Besides one to two songs too many—seriously, “Resident Alien,” but your composer to work—the show’s entirely back on track after last episode. There are some considerable plot developments, but everything’s through a character development lens. The show does continue to adjust plot trajectories, however, as sheriff’s deputy Elizabeth Bowen takes it on herself to figure out what’s going on with the (now dead) hit men come to town.
Her boss, Corey Reynolds, and the neighboring town’s detective, Nicola Correia-Damude, are also on the case, but they’re a little too busy making eyes at each other. Early in the episode, Bowen puts her foot down about her work not being recognized, which changes the dynamic from how last episode left things. It also helps making Correia-Damude and Reynolds’s flirting likable.
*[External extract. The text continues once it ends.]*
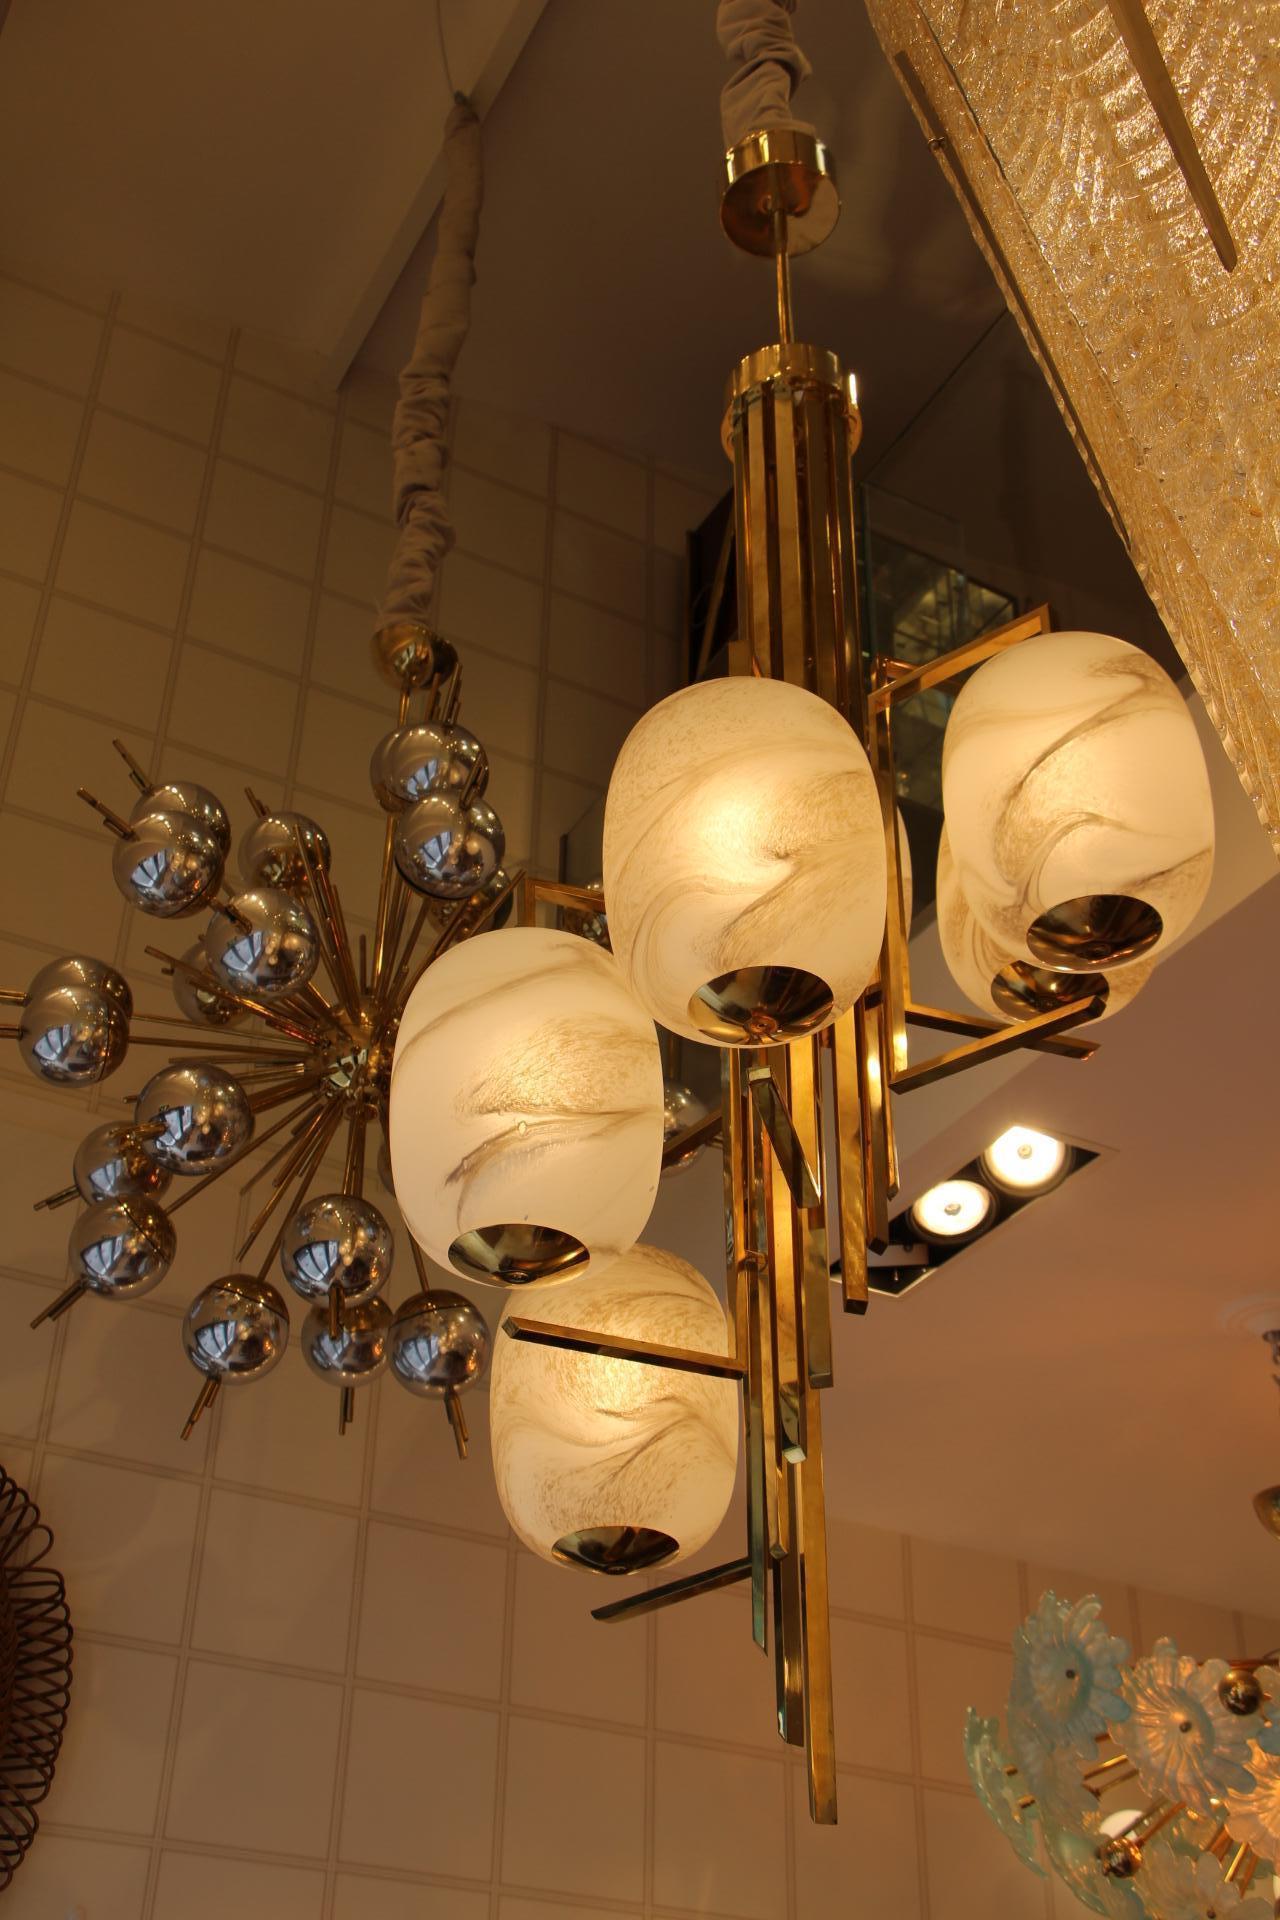 This spectacular chandelier features a main body made of several brass rods of different length and a series of 6 large globes in Murano glass looking like alabaster that turn and cascade like a spiral staircase.
It gives a warm and pleasant light

Reynolds is occasionally played entirely for a boob, and while he’s great at it, it doesn’t seem to endear him to Correia-Damude. This episode works at making him endearing to her and vice versa.
So it’s up to Bowen to actually get to the bottom of things, bringing in Sara Tomko to help. Tomko’s got extra time on her hands because she’s not hanging out with Alan Tudyk since discovering he tried to mind wipe her memory of killing a bad guy to save Tudyk. Tomko’s got a fantastic arc this episode, involving an old friend who knows nothing about her secrets, Bowen, an old friend who knows some of the secrets but not the alien one, Alice Wetterlund, and the dad who knows it all, Gary Farmer. It’s lovely, with some great work from Tomko and Farmer.
Wetterlund then also gets her own character development arc. As she makes life changes for her (offscreen) boyfriend, it turns out she might not have gotten the skiing bug entirely out of her system.
Meanwhile, Tudyk’s got a combination comedy and character development arc with kid Judah Prehn. Prehn and best friend Gracelyn Awad Rinke have a big secret: Rinke’s fostering the alien baby, now in human form, played by Kesler Talbot. Tudyk’s looking for the baby and enlists Prehn’s aid. It’s a funny arc, which also ties into Prehn’s parents, Levi Fiedler and Meredith Garretson, and their arc.
Not a lot for Rinke to do this episode, but fantastic when she gets material. Also outstanding are Diana Bang and Jenna Lamia, who both get a spotlight scene.
The script’s credited to Zach Cannon, his first writing credit on the show. It’s a really good script. Nice direction from Warren P. Sonoda. Some great Tudyk scenes, too, obviously. The episode’s exceptionally well-balanced.
Just got two or three too many bland country pop songs in it.